Proving that $\{ (-2)^n : n \in \mathbb{N} \}$ is unbounded How do I go about proving that the set $A=\{ (-2)^n : n \in \mathbb{N} \}$ is unbounded?
I started by showing (using induction) that if $n$ is even then $(-2)^n=2^n$, and since $\mathbb{N}$ is unbounded in $\mathbb{R}$ oubviously $A$ is unbounded. Am I in the right direction? Is it enought to say that for every $n \in \mathbb{N}$ there exist $k \in \mathbb{N}$ such that $(-2)^n=2^n \lt 2^k=(-2)^k$?
If I'm write then showing that $A$ is unbounded from beloew is almot similar.
Any thoughts? Thanks!
 A: The argument in your first sentence is correct. But you need to justify the statement "obviously $A$ is unbounded". Why is this so? Well, of course, because $A$ contains all even powers of $2$ and the set of all even powers of 2 is unbounded from above.
So,
what  you need to show is  that: 

given any positive integer $n$, there is an even positive integer $k$
  so that $2^{ k}\ge n$.

The above claim  would follow from a more general statement: 

given any positive integer $n$, the inequality $2^n\ge n$ holds.
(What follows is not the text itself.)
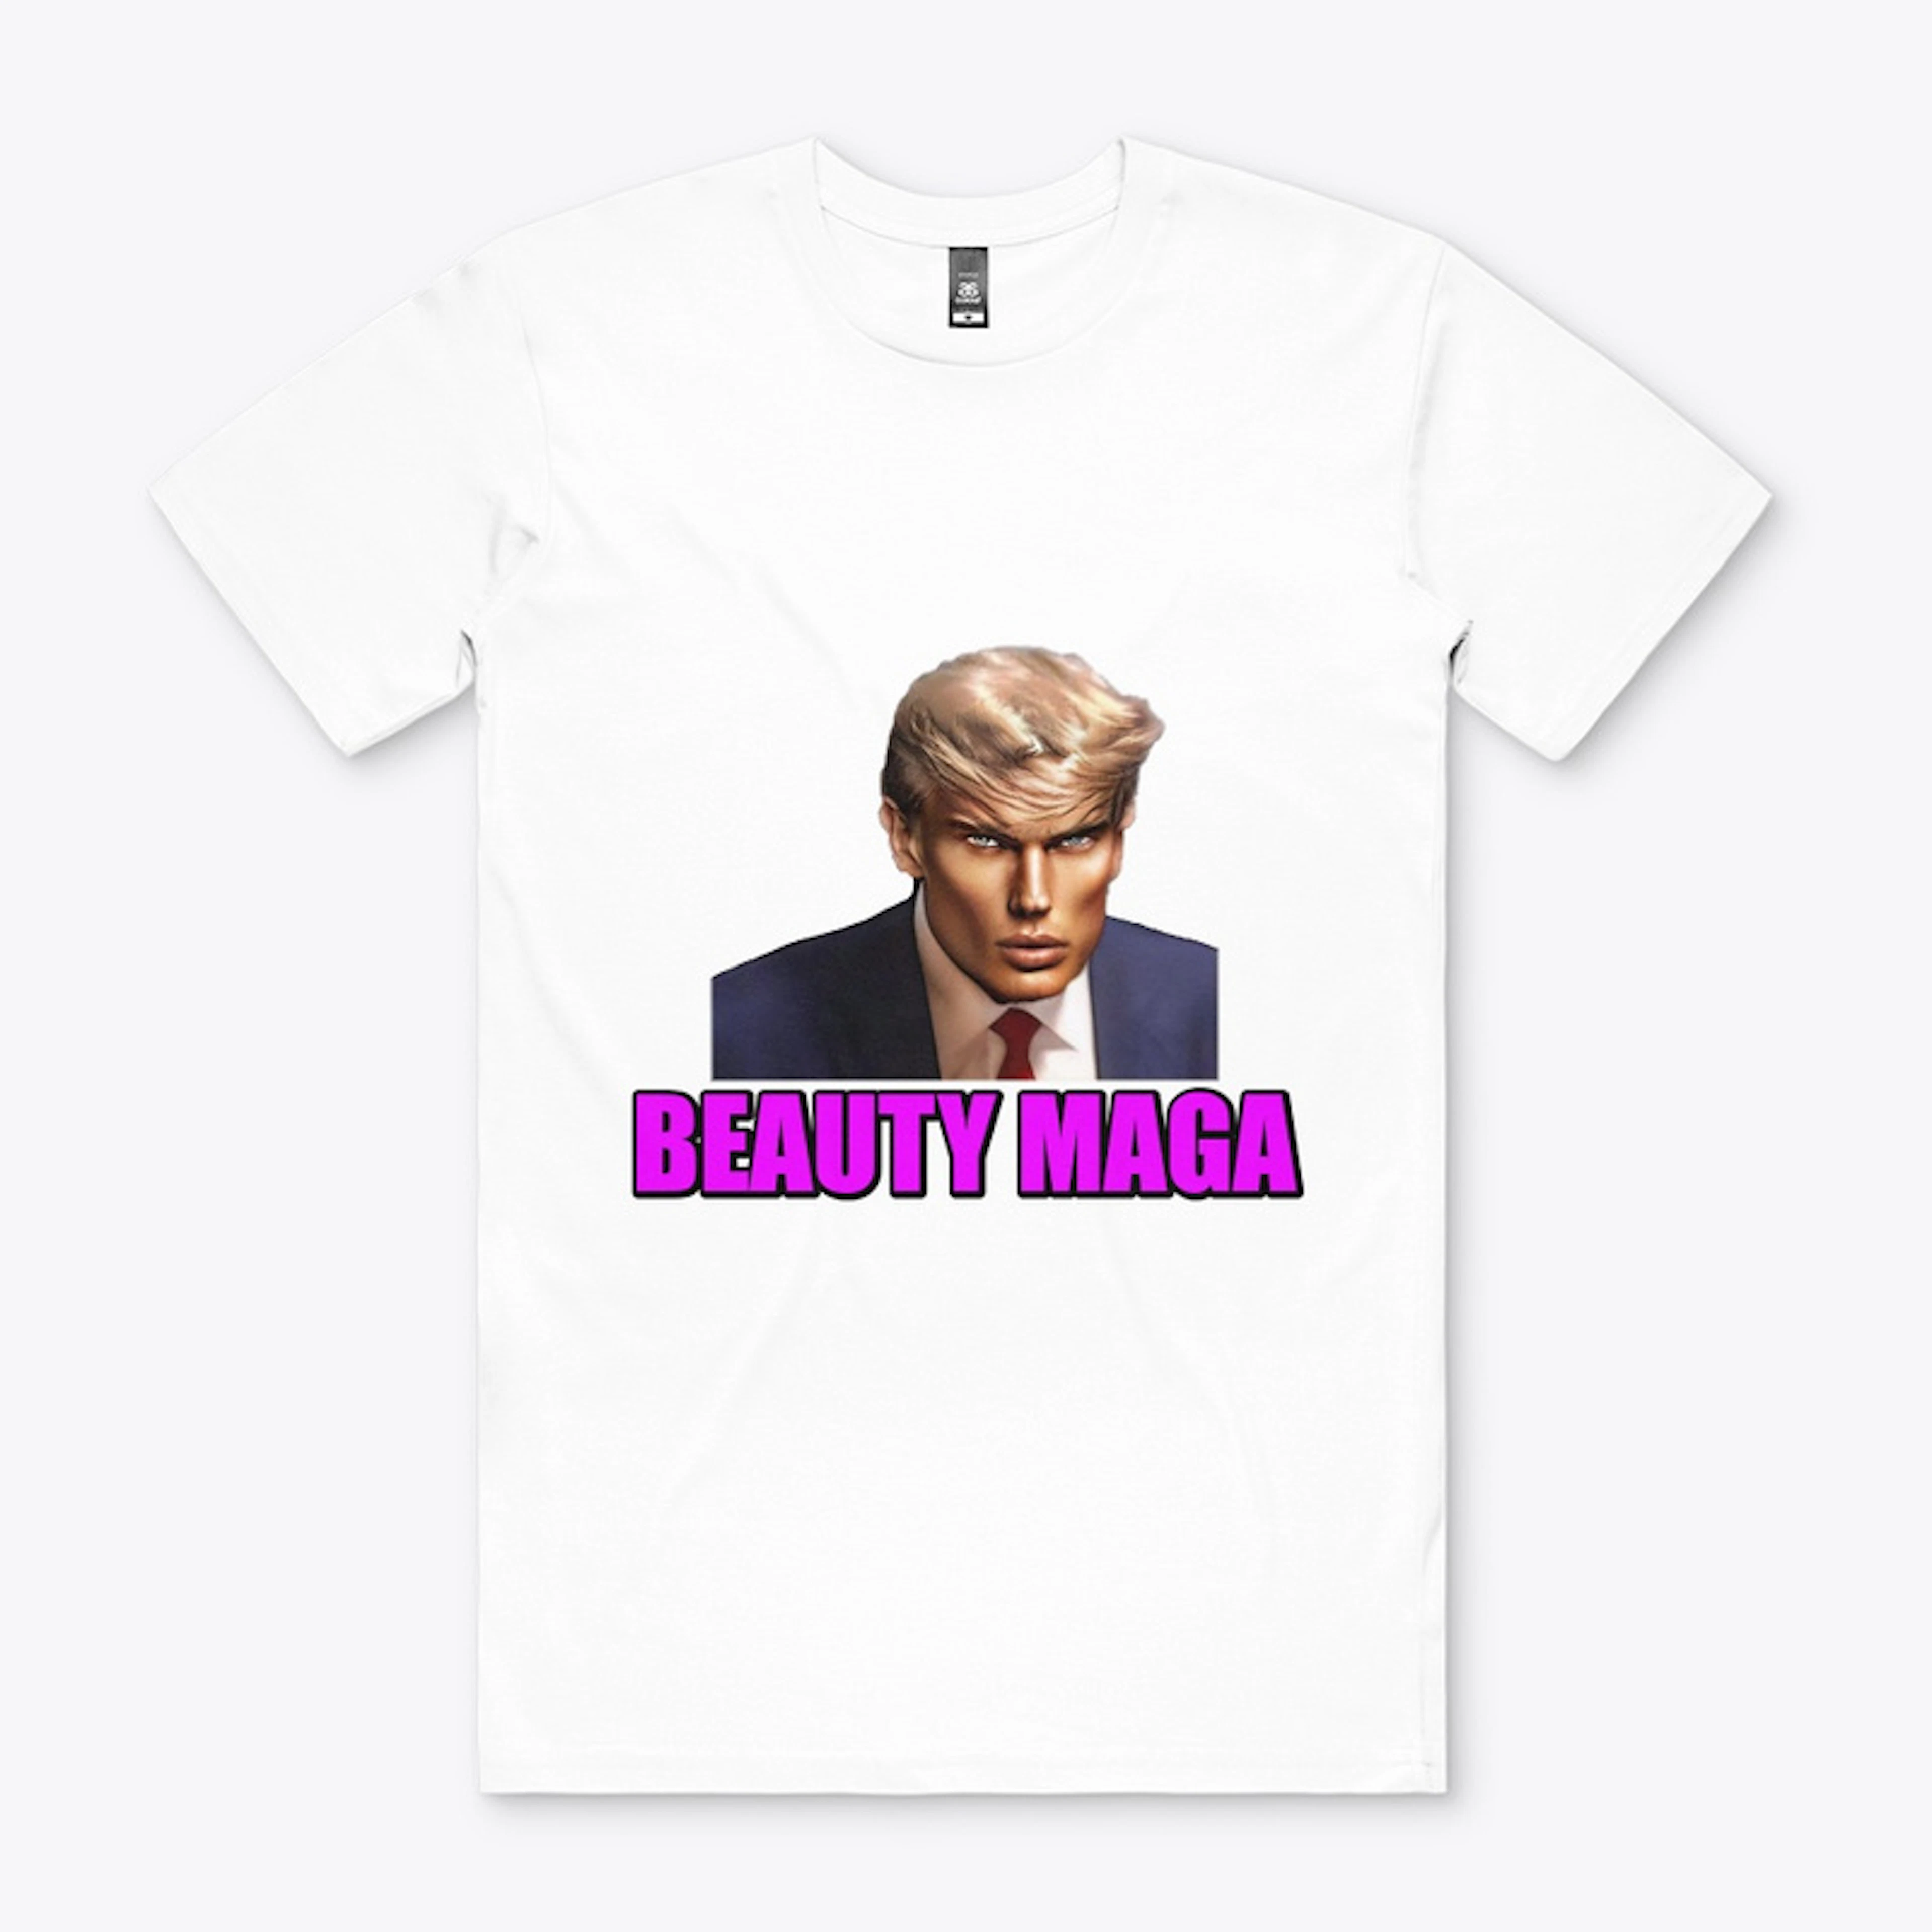 Trump Mugshot "Beauty Maga"

You can prove this statement by induction.

So, I would start of by proving the Lemma: $2^n\ge n$ for any positive integer $n$.
Then to show $A$ is unbounded, argue as follows:  
Let $n$ be a positive integer. 
If $n$ is even, then  $2^n=(-2)^n$ is in $A$ and from the lemma we have  $(-2)^n=2^n\ge n$.
If $n$ is odd, we have $2^{n+1}=(-2)^{n+1}$ is in $A$ and, again from the lemma,  $(-2)^{n+1}=2^{n+1}\ge n+1>n$.
So in either case, we have an element in $A$ greater than or equal to $n$.  Since $n$ was an arbitrary positive integer, it follows that $A$ is not bounded from above.

Note that, to show that your $A$ is not bounded, you need only show that $A$ is not bounded from above (or show that it is not bounded from below). Of course, if you were required to show that $A$ is unbounded in  both directions, you'd use a similar argument to show that $A$ is not bounded from below.